Print out the data precisely as it appears here, with no pictures.

**STORED DATA**
Content starts
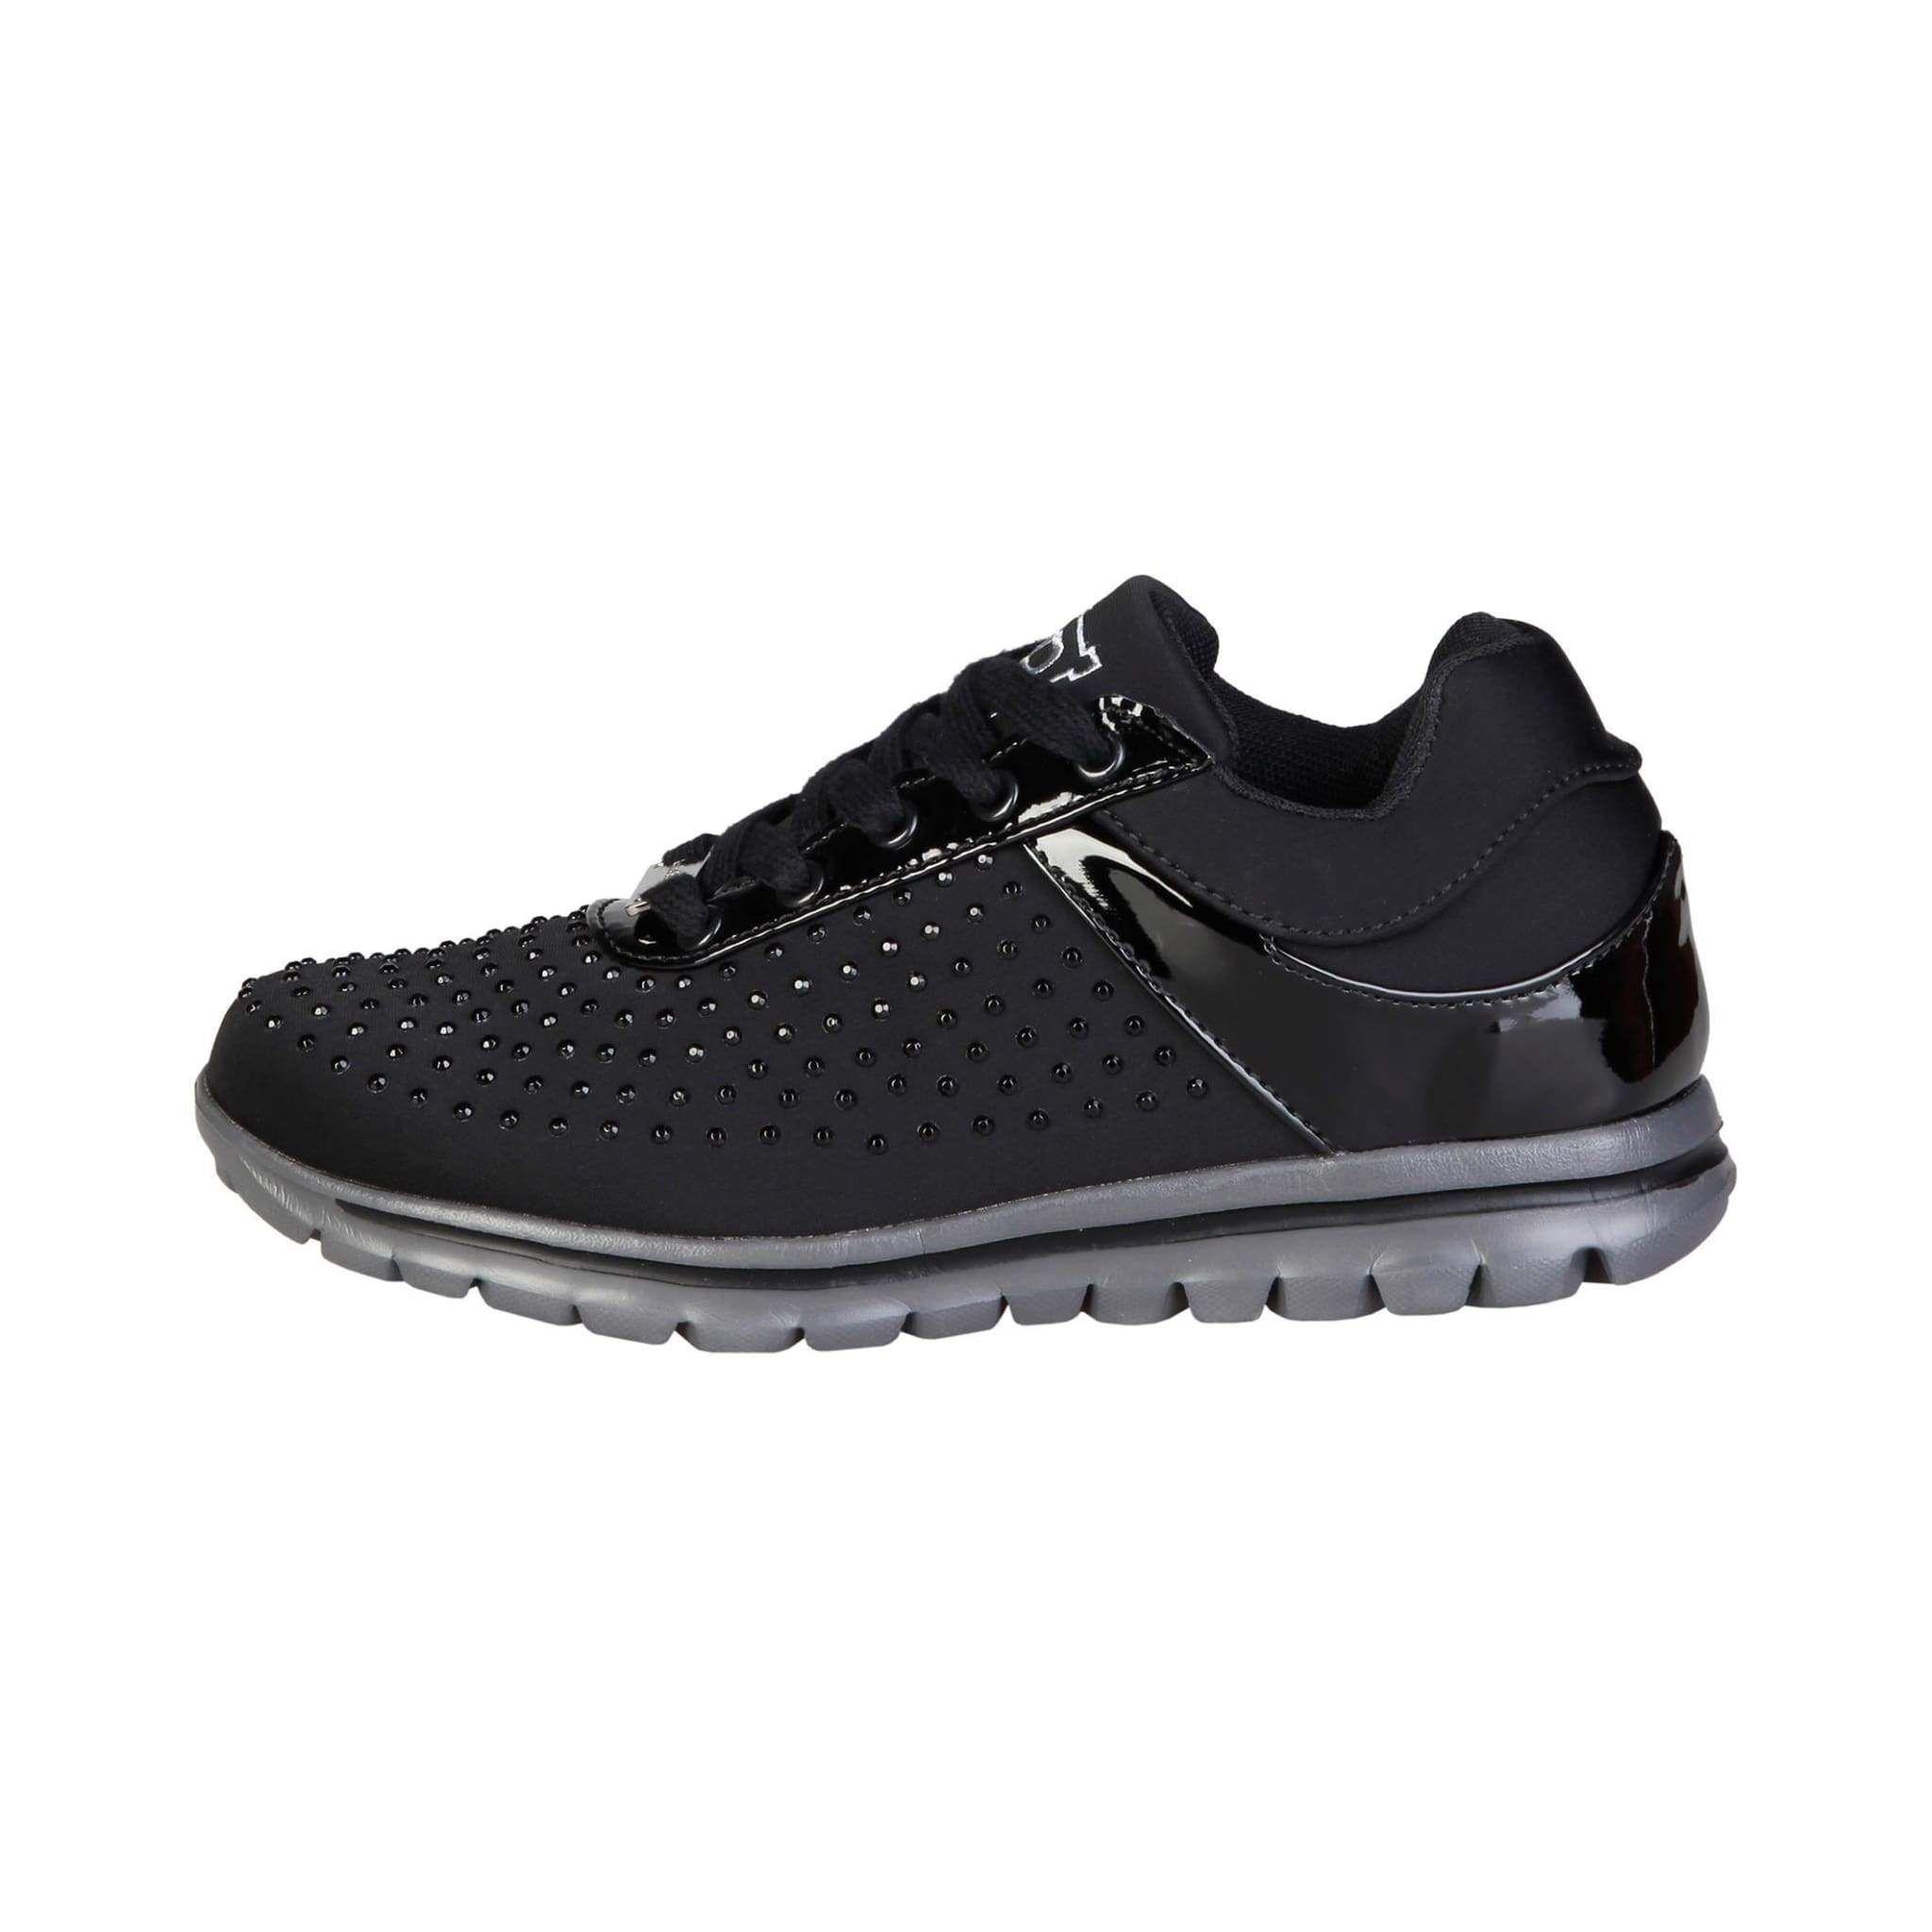 f22e3941a8da Original New Arrival Authentic Nike Lebron XV KSA Men s Comfortable  Basketball Shoes Sport Outdoor Sneakers AR4831-900 in 2019
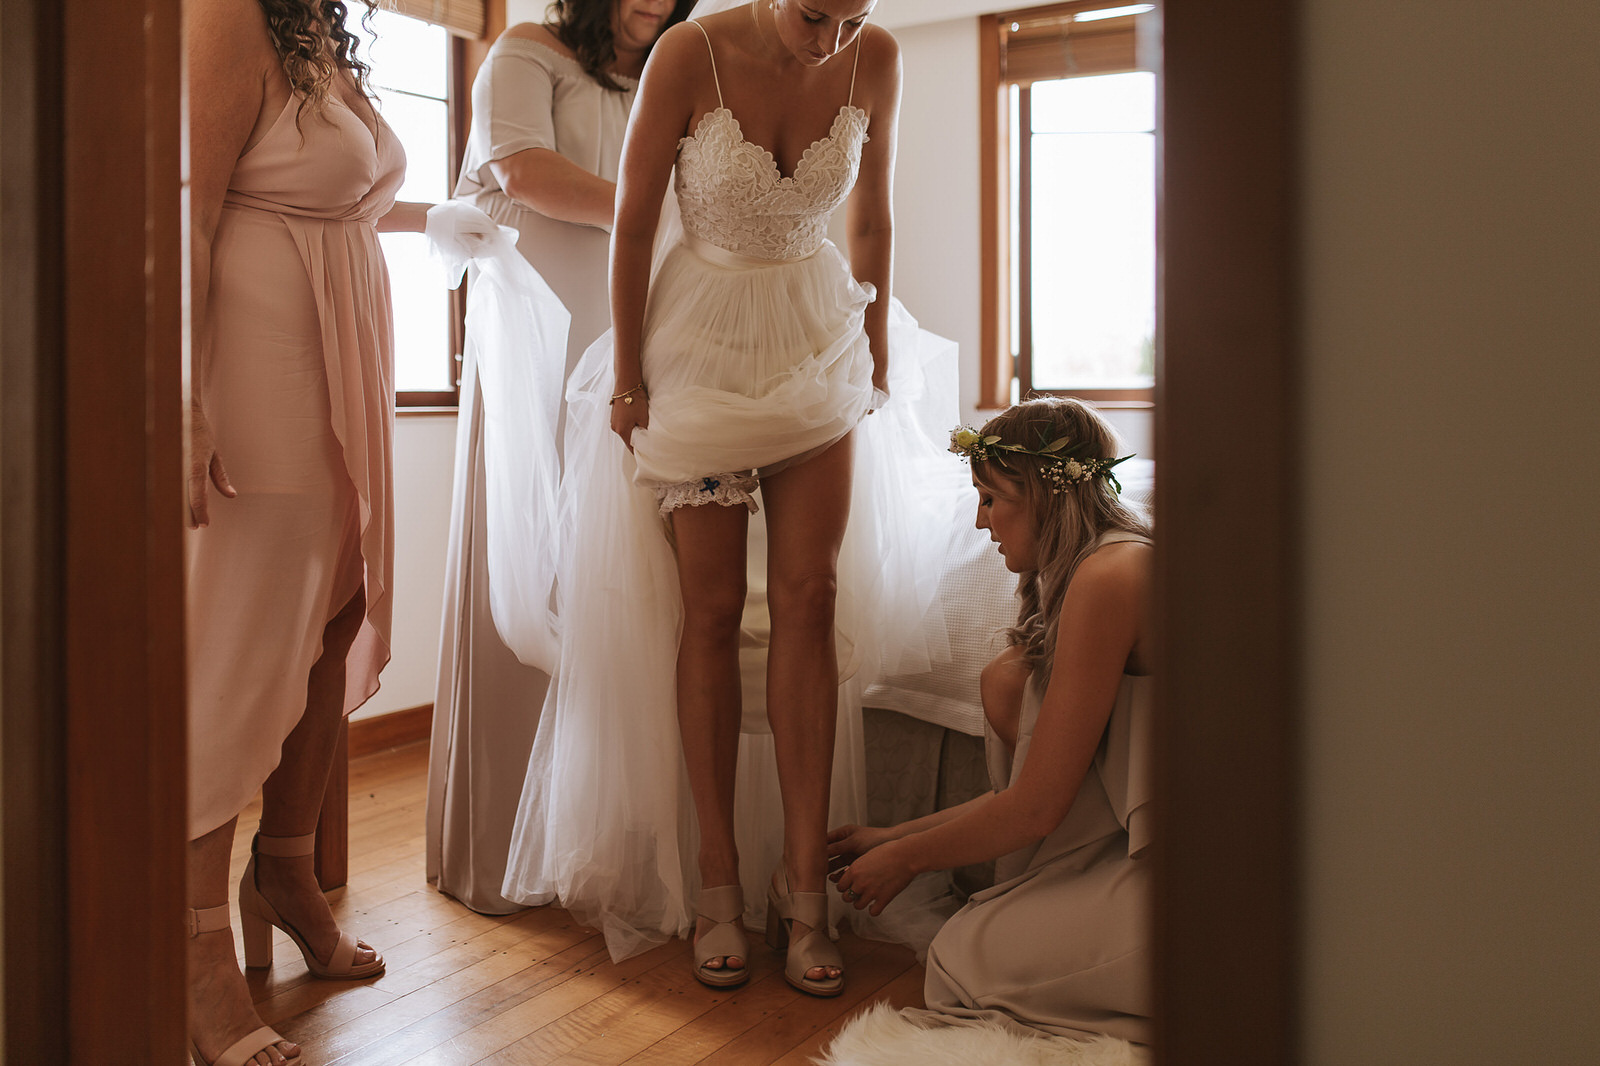 newfound-r-s-ataahua-garden-venue-tauranga-wedding-015
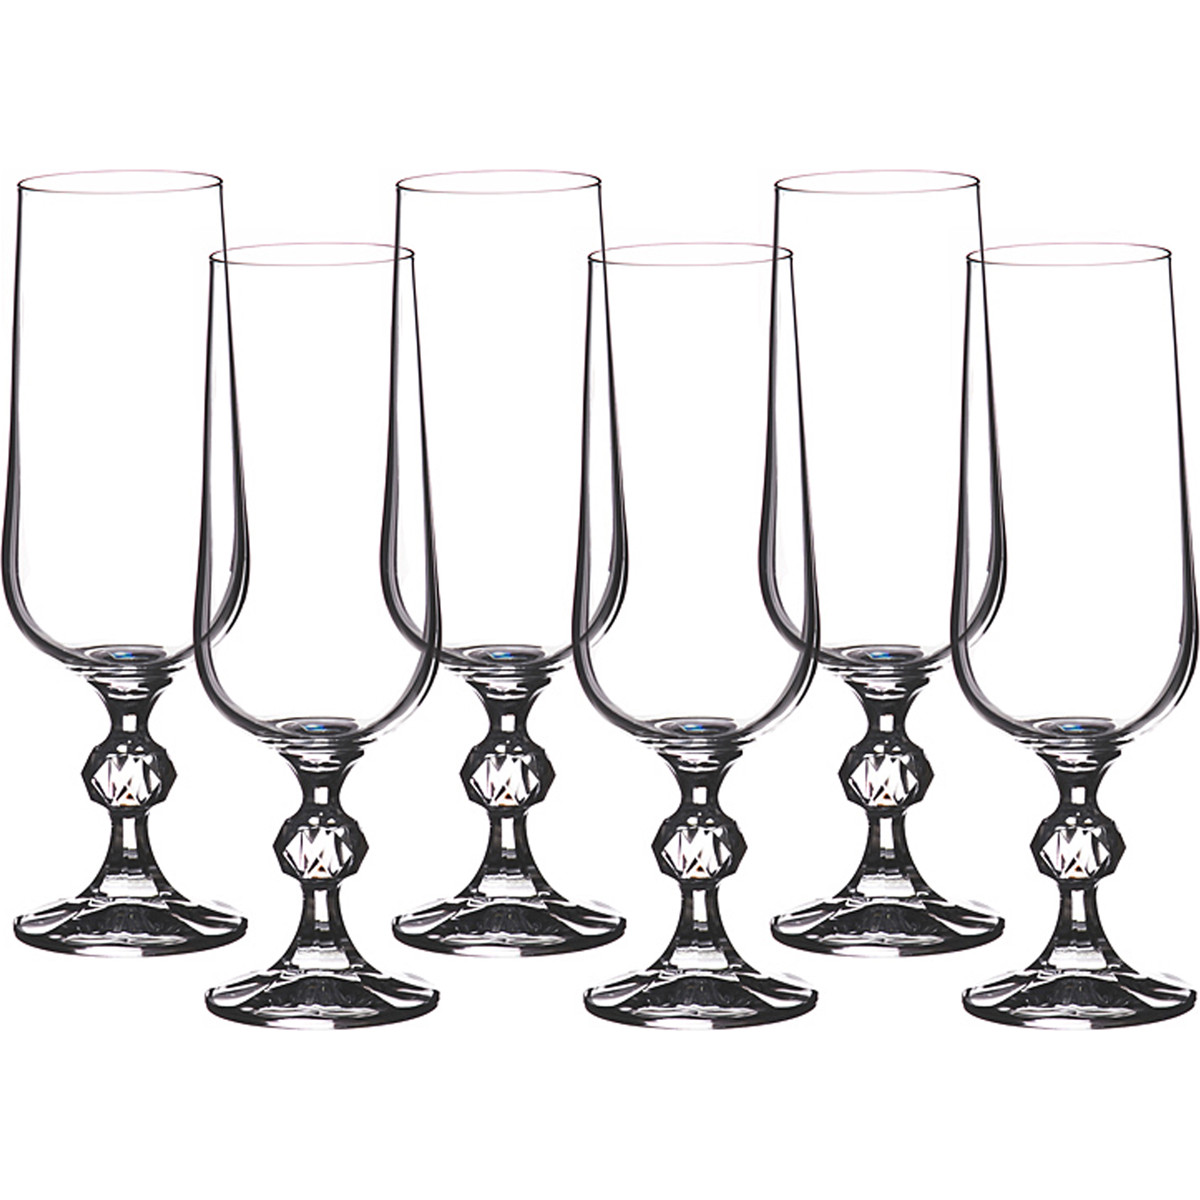 {} Crystalite Bohemia Набор бокалов для шампанского Moyna  (17 см - 6 шт)
Content ends
**EXERCISE ANSWER**
 f22e3941a8da Original New Arrival Authentic Nike Lebron XV KSA Men s Comfortable  Basketball Shoes Sport Outdoor Sneakers AR4831-900 in 2019
 newfound-r-s-ataahua-garden-venue-tauranga-wedding-015
 {} Crystalite Bohemia Набор бокалов для шампанского Moyna  (17 см - 6 шт)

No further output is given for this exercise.